Many people have asked me if the Second Circuit’s opinion in CFPB v. Law Offices of Crystal Moroney, which held that the CFPB’s funding does not violate the Appropriations Clause, changes my mind about how the Supreme Court will rule in CFSA v. CFPB. It is noteworthy that two of the three judges on the Second Circuit panel were appointed by Republican Presidents, including one appointed by President Trump. Also, while the D.C. Circuit had previously concluded that the CFPB’s funding does not violate the Appropriations Clause, the acceptance of the CFPB’s argument by another circuit court in an opinion with a much fuller analysis adds weight to the CFPB’s argument.
Nevertheless, my view is that the Second Circuit’s opinion will not, in itself, materially impact the ultimate outcome in the Supreme Court. Given that the Appropriations Clause issue is one of first impression, there is room for the Supreme Court to create new law in ruling in either side’s favor. It is likely that a majority of the Court (either 5 or 6 of the Republican, conservative Justices) will be strongly inclined to rule in favor of CFSA because of their inherent antipathy towards the “Administrative State” (an agency usurping the power of Congress) and the perception of many that the CFPB is the poster child of the Administrative State (one director with breathtaking power). Also, the Supreme Court, in Seila Law, has already shown antipathy towards the CFPB in particular.
However, a majority of the Court may not be persuaded by the reasoning used by the Fifth Circuit to reach its conclusion in CFSA v.
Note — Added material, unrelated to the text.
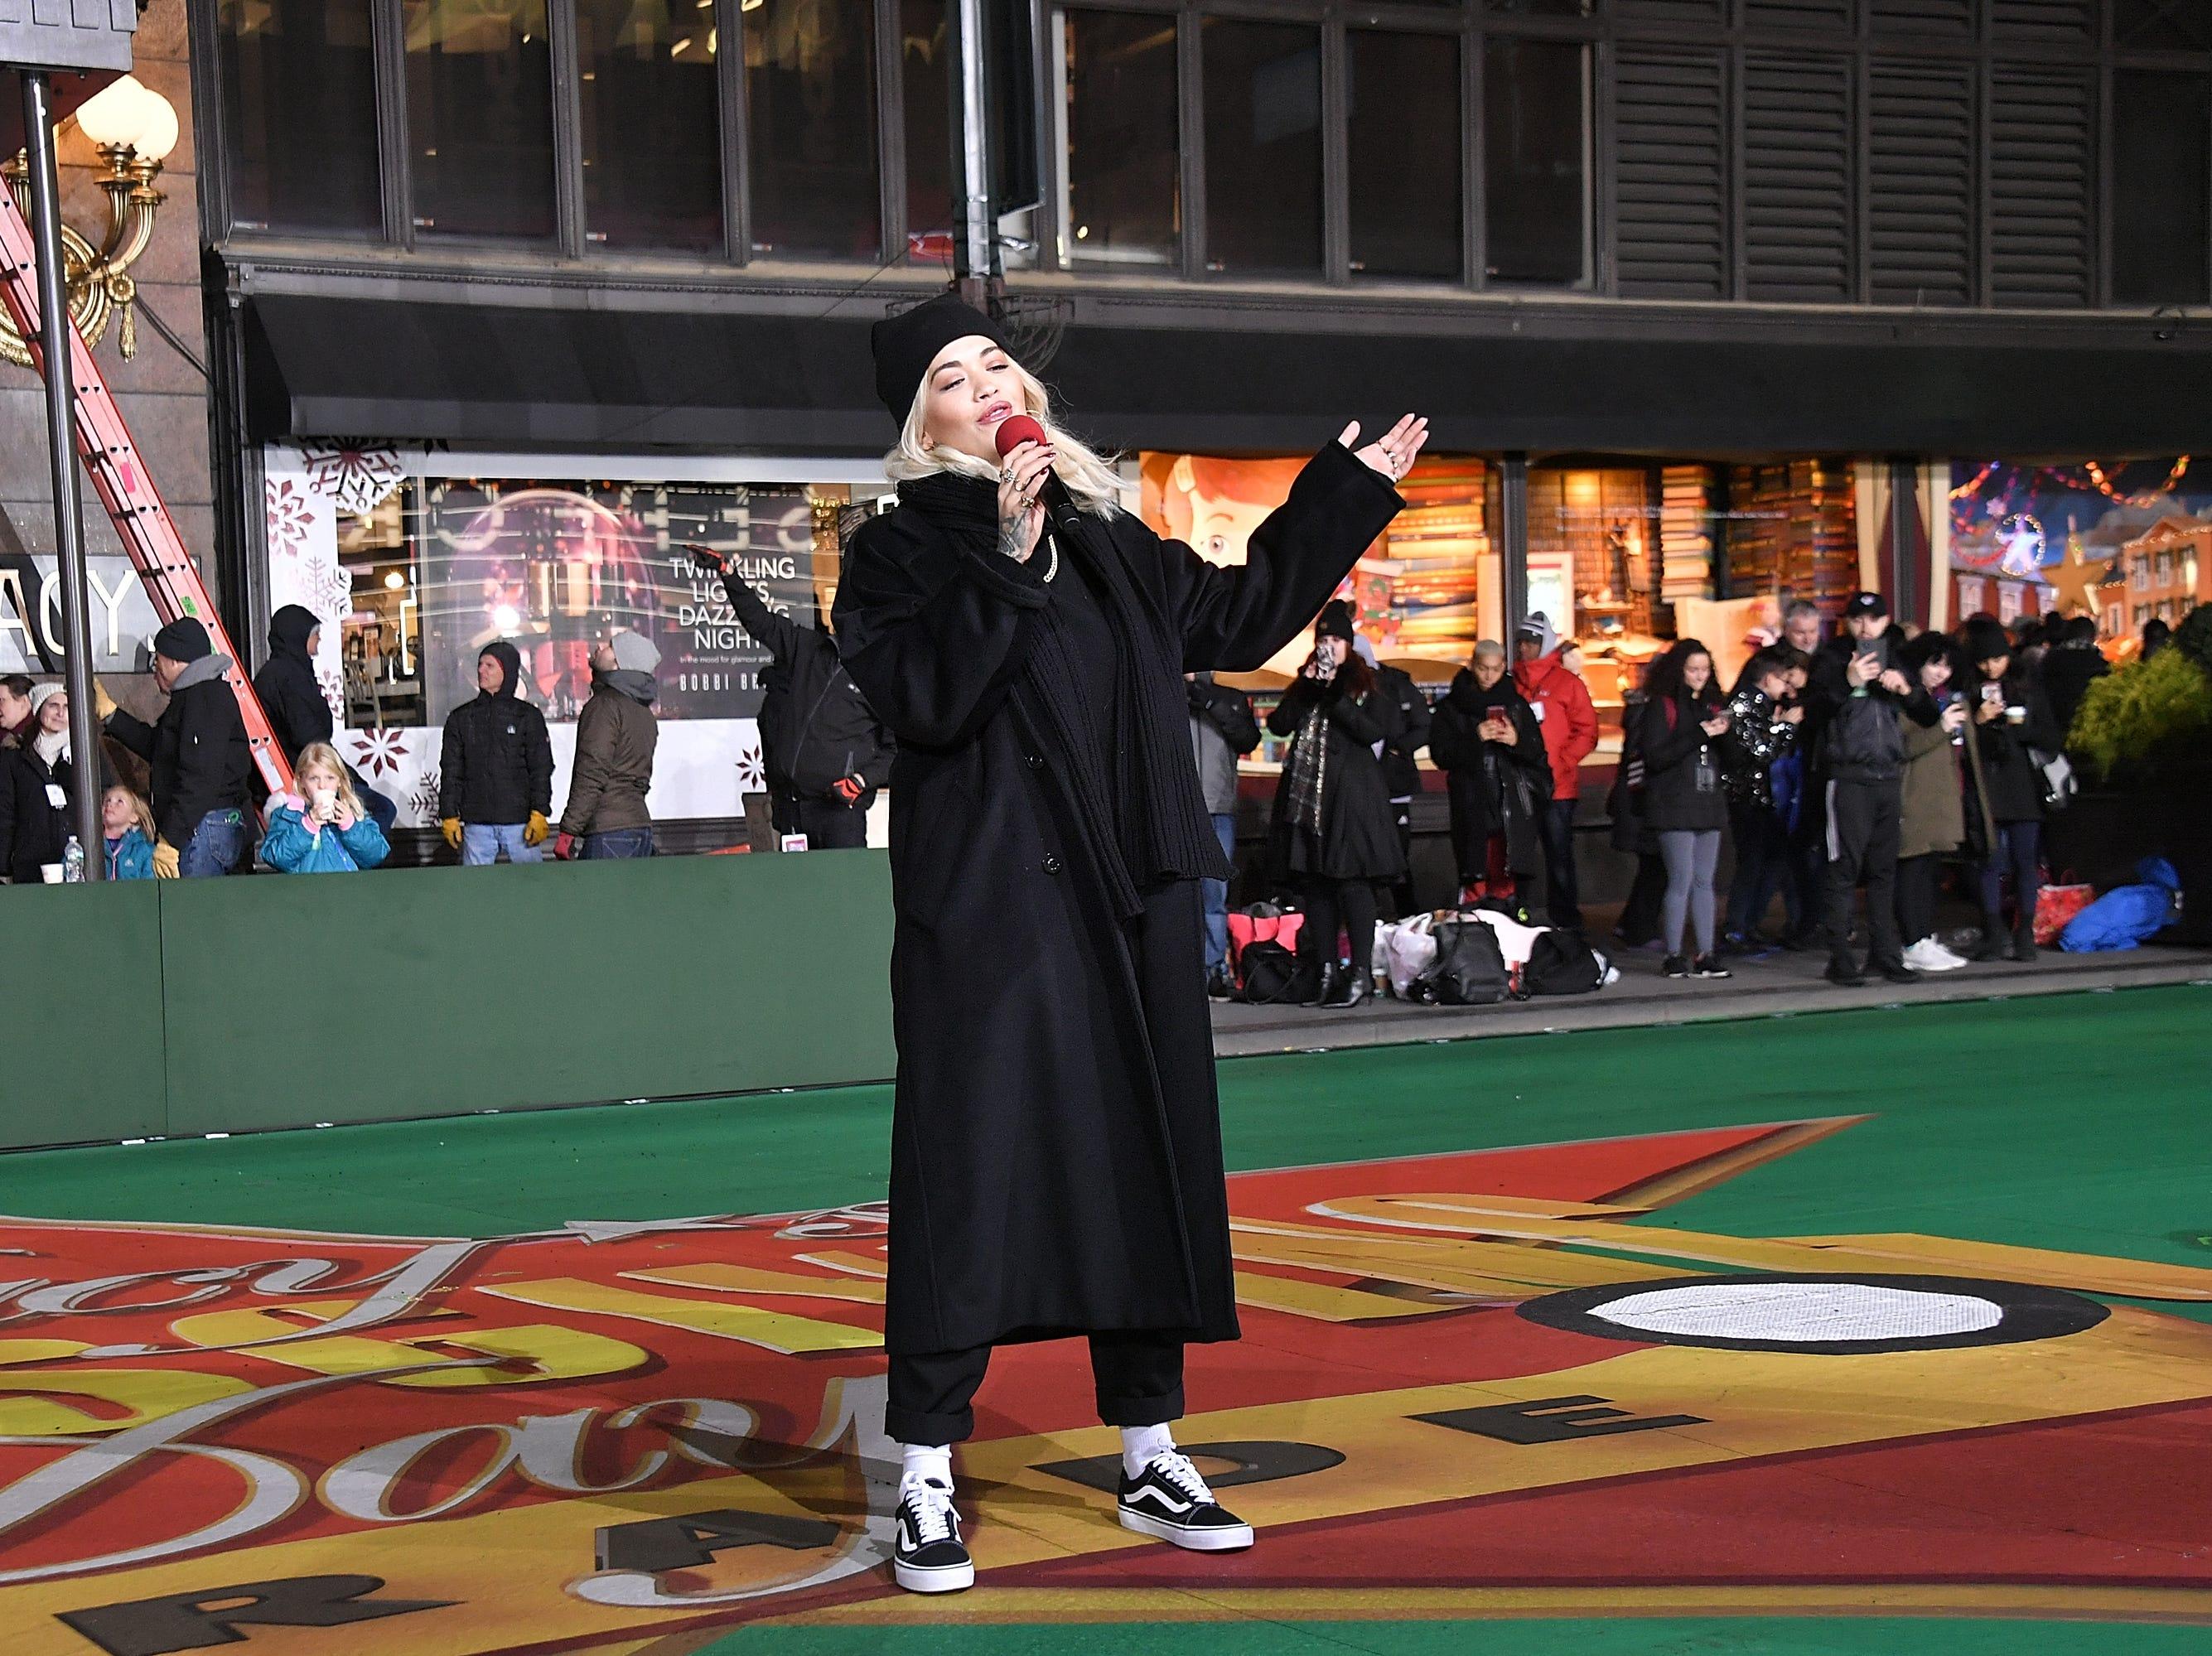 November 20: Rita Ora rehearses for the Macy's Thanksgiving Day Parade.

CFPB that the CFPB’s funding is unconstitutional (i.e. the argument that the CFPB is “doubly insulated” from the annual appropriations process because the CFPB receives its funding from the Federal Reserve Board which, in turn, receives its funding from the Federal Reserve Banks and not Congress). As a result, a majority may need to accept a different rationale for concluding that the CFPB’s funding is unconstitutional and will have to deal with the difficult issue of how to distinguish, for purposes of its constitutionality, the CFPB’s funding from the funding of the Federal Reserve Board, the Comptroller of the Currency, the FDIC, as well as other federal agencies funded outside of the annual appropriations process.
In addition, to affirm the Fifth Circuit’s decision that the CFPB’s funding is unconstitutional, a majority of the Court would also have to address whether the remedy invoked by the Fifth Circuit—vacating the CFPB’s payday lending rule—was the proper remedy for an Appropriations Clause violation. As we and others have observed, the question of what is an appropriate remedy in the case has enormous potential implications for all other CFPB rules and as well as the other actions taken by the CFPB over the nearly 12 years since it opened its doors for business.
Despite these issues, I continue to believe that a majority of the Court will conclude that the CFPB’s funding is unconstitutional. I also believe that the Supreme Court will stay its mandate to give Congress an opportunity to rectify the constitutional infirmity, and to deal with the decision’s other ramifications, including its impact on other regulations promulgated and actions taken by the CFPB during its existence. At the end of the day, I expect the CFPB to remain as an agency, but with much less power, and the CFPB regulations on which the industry has relied not to be disturbed. Beyond that, I will not speculate as to what will happen to other actions taken by the CFPB or whether the agency will still be governed by one individual or become a commission composed of three or five individuals. These are all political questions that will need to be resolved by a bipartisan Congress during a presidential election year.